U krijgt dus steeds een virtuele wereld voogeschoteld. Denk hierbij niet alleen aan de integratie van Internet Explorer in het Windows besturingssysteem (1998), maar vooral aan inmiddels "normale zaken" als de displau van de handheld pocket computer, het UMTS webmobieltje en niet te vergeten de op de kabel of ADSL aangesloten Web televisie. Ook zij bepalen uw wereldbeeld en het hieruit voortvloeiende gedrag. Bijvoorbeeld dat u (belangrijk als u bent) altijd bereikbaar moet zijn met uw mobieltje.

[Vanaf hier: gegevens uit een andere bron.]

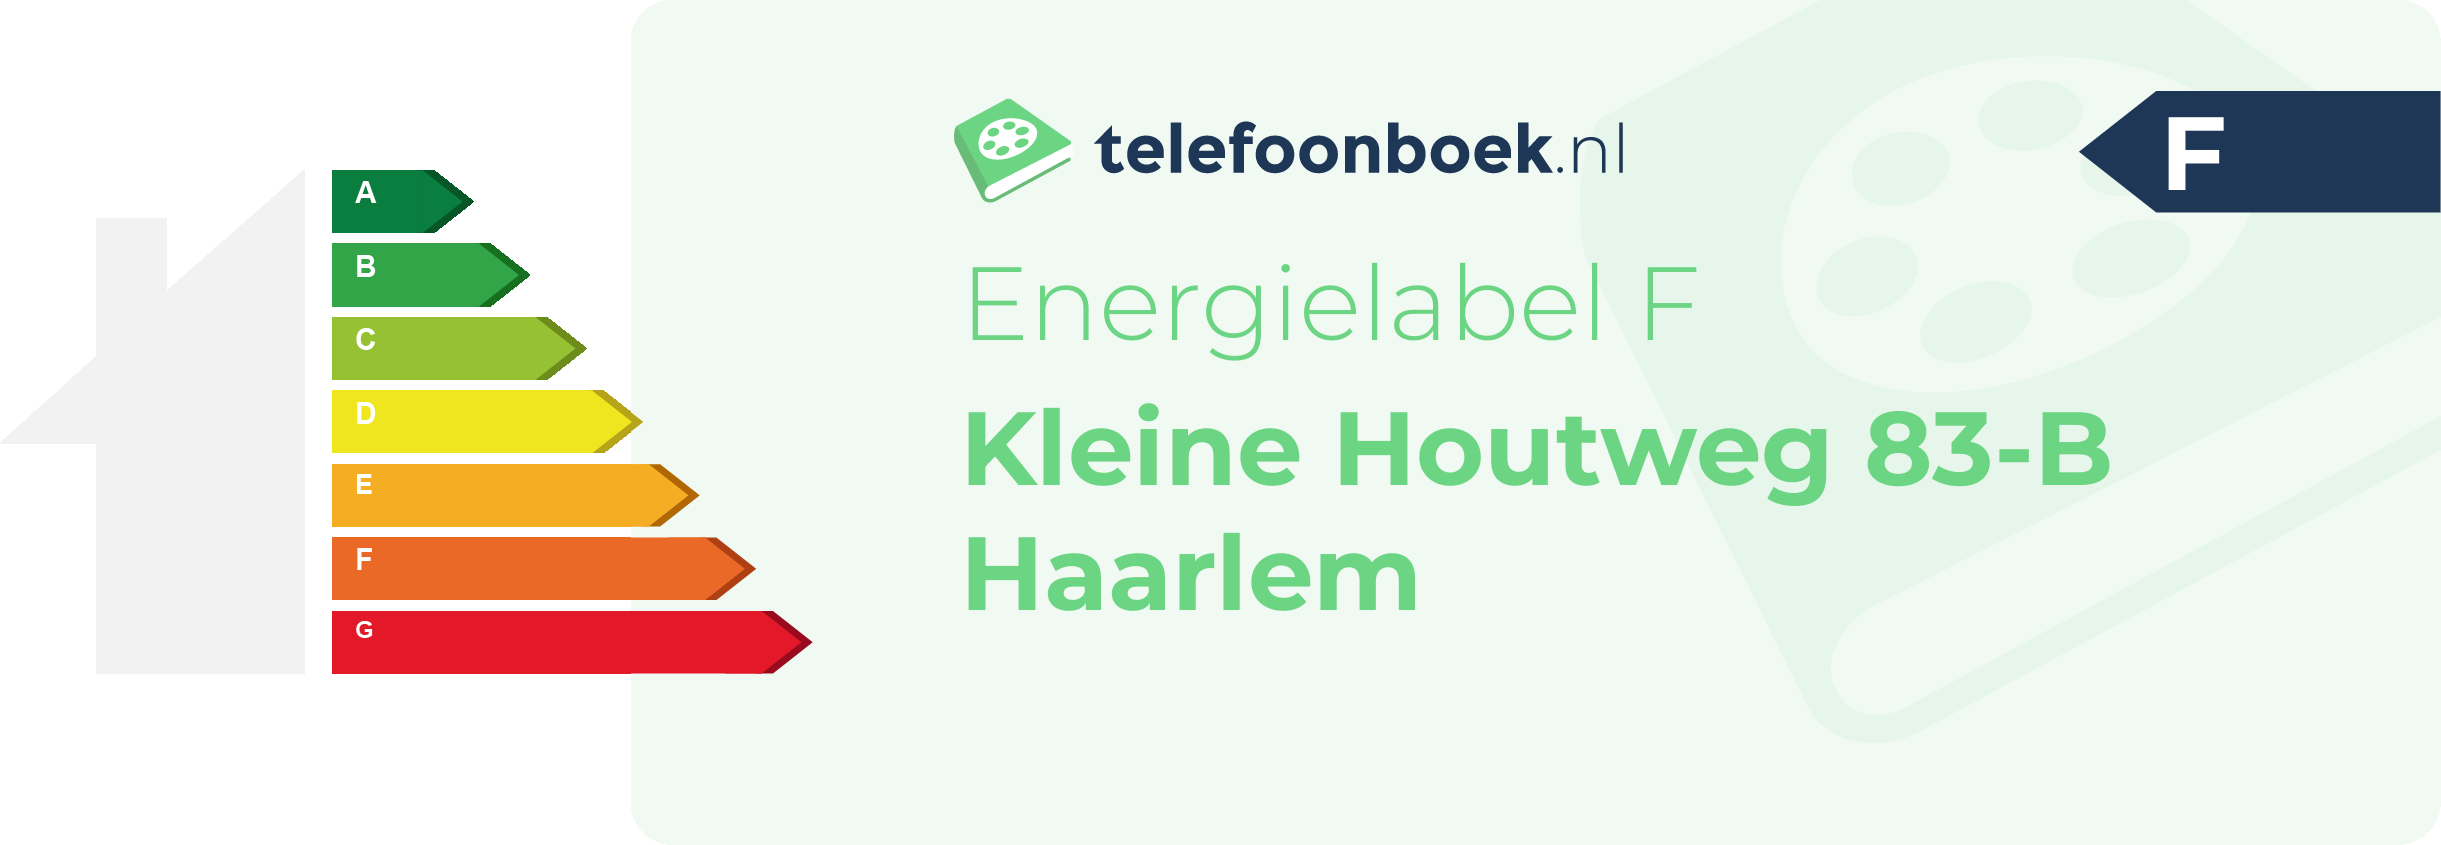 Energielabel Kleine Houtweg 83-B Haarlem

Met Compound Document Frameworks in Extensible Markup Language (XML,1997) ontstaat een intuïtieve drag and drop omgeving in de browser. Zowel Micross0ft met zijn OLE/ COM /Active X besturingselementen als SUN/ AOL/Netscape en IBM met hun CORBA/JavaBeans proberen deze online markt te veroveren. Het einddoel: Via snelle breedband internetverbindingen leveren applicatie servers u een werkplek op verzoek - zonder dat u de programma's zelf hoeft te installeren, te updaten of te deïnstalleren. Dat is goed nieuws voor de niet-techneuten die er met "Windows voor ouderen" niet uitkwamen. En ook goed nieuws voor bedrijven, die steeds meer moeite hebben om hun Windows clients op afstand te onderhouden. Binnen bedrijven bestaat dan ook de tendens naar beheersbare thin clients op vette servers. Want met alles uitgeruste stand-alone Windows spelletjescomputer kan een onbeheersbaar gedrocht op het bedrijfsnetwerk zijn. Maar het kan lastig zijn om de niet zo technische managers (met traditioneel de snelste Windows notebooks) hiervan te overtuigen.

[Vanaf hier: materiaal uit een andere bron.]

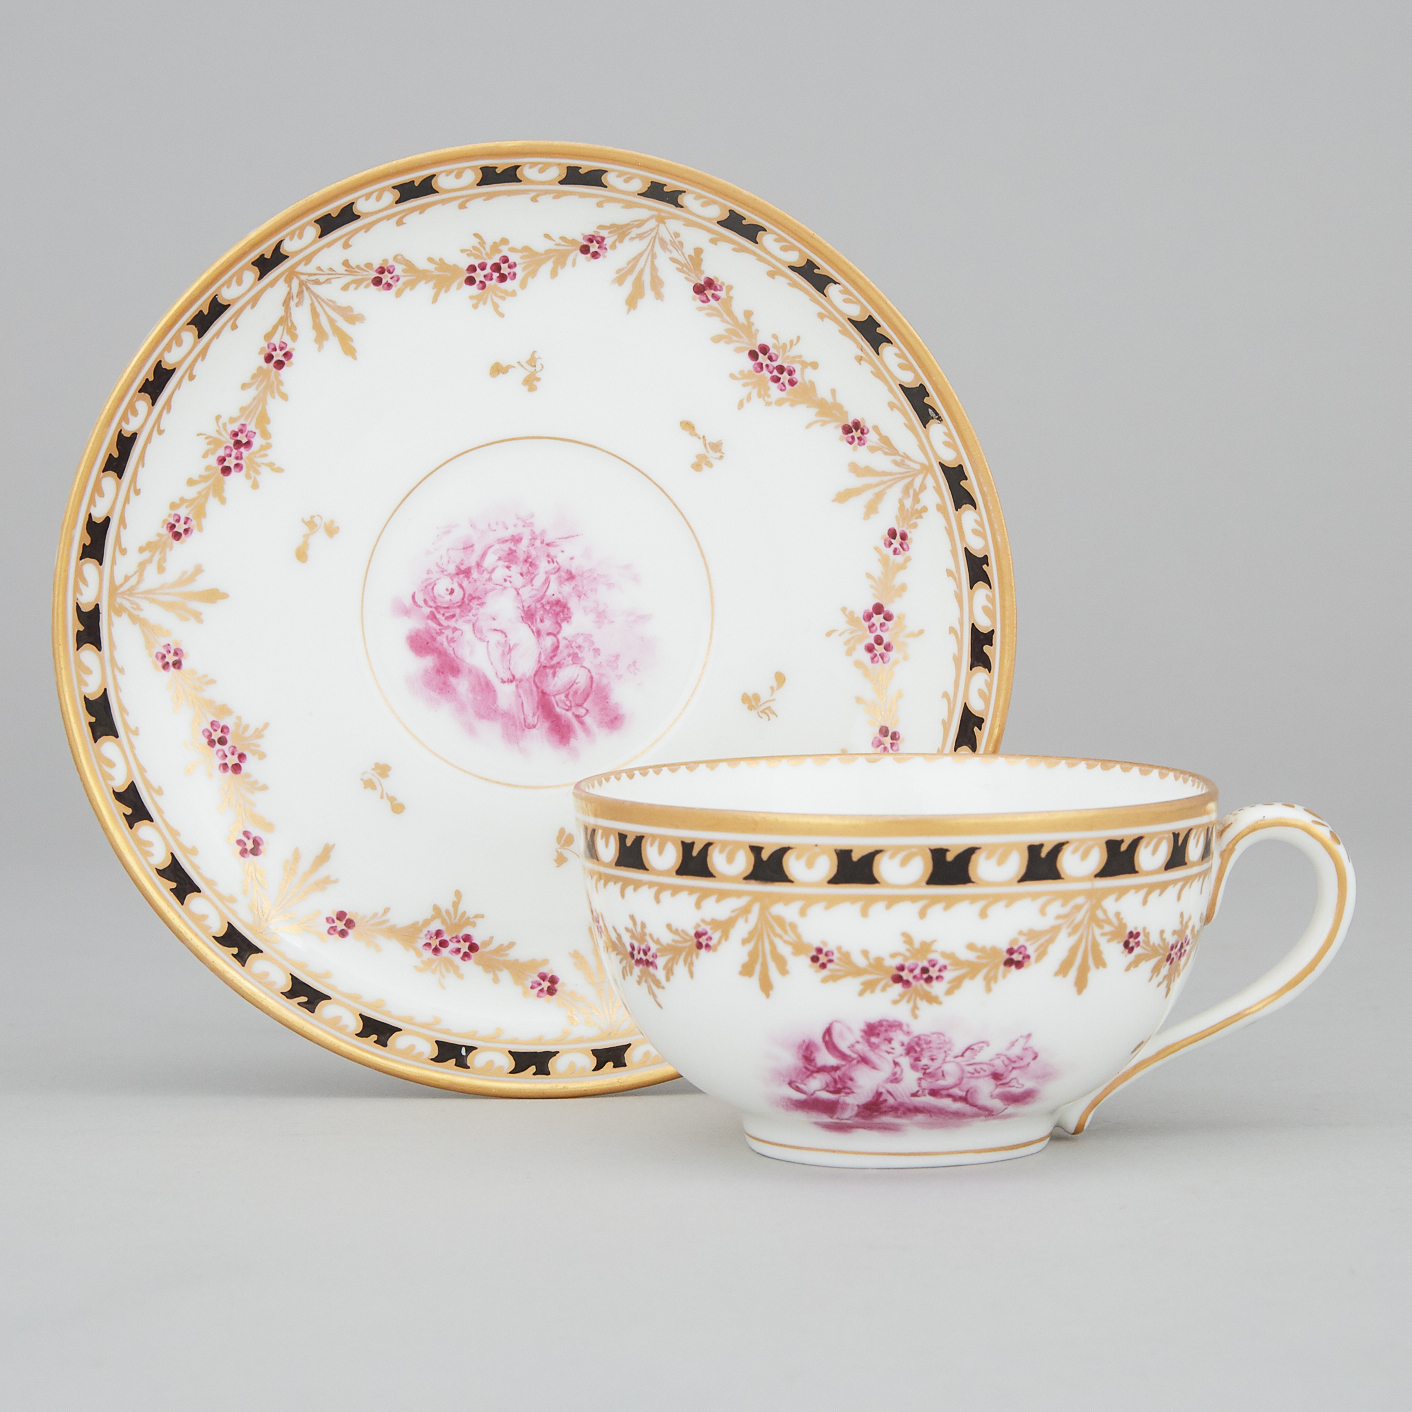 Nyon Cup and Saucer, c.1781-1813

Maar de tijd dat al uw software op de vaste schijf moet staan gaat definitief voorbij. Op een bedrijf met vele vestigingen valt dat niet te beheren. Het Object Web wordt de computer. Applicatieservers zullen centraal beheerde programma's serveren. Dat hoeven niet eens supersnelle computers te zijn. Wie met Hoblink seamless X11 programma's op een P75 server onder eCS OS/2 draait weet wat ik bedoel. JavaBeans heten niet voor niets bonen. Het zijn zeker bonen vergeken met de aangekondigde Windows SVista versie die 1024 MB RAM nodig heeft om goed te kunnen werken. Aan de gebruikerskant is slechts een X server of een eenvoudige webbrowser met een Java Virtuele Machine nodig om off-line aan het werk te gaan. We wachten nog op voldoende bandbreedte en de MS killende Java beans.

Virtuele privé netwerken verbinden straks uw huis met het kantoor. IBM koos voor Workspace on Demand. Microsoft gaat software leasen en heeft sinds Windows 98 COM+ en IE als wapen tegen Java ingezet. De op Linux en andere besturingssystemen gebaseerde Embedded systems worden steeds slimmer. Wellicht heeft de PC over een paar jaar zijn laatste tijd gehad en zult u telewerken met uw handheld en vergaderen via de webcam van uw UMTS mobieltje.

Dit toekomstperspectief lijkt al uw worstelingen met OS/2 zinloos te maken, maar toch. Misschien zult desondanks toch stiekem die oude OS/2 generieke OS/2 software blijven gebruiken, vanwege die lastige UMTS virussen en de tikken en afluisterpraktijken (de strijd tegen terrorisme) van de applicatieservers. Maar vooral omdat OS/2 (en zeker eCS) voor uw eigen primaire behoeften (de controle over uw bestanden via lokale, lan- en internetdiensten) nog steeds een heerlijk universeel platform is.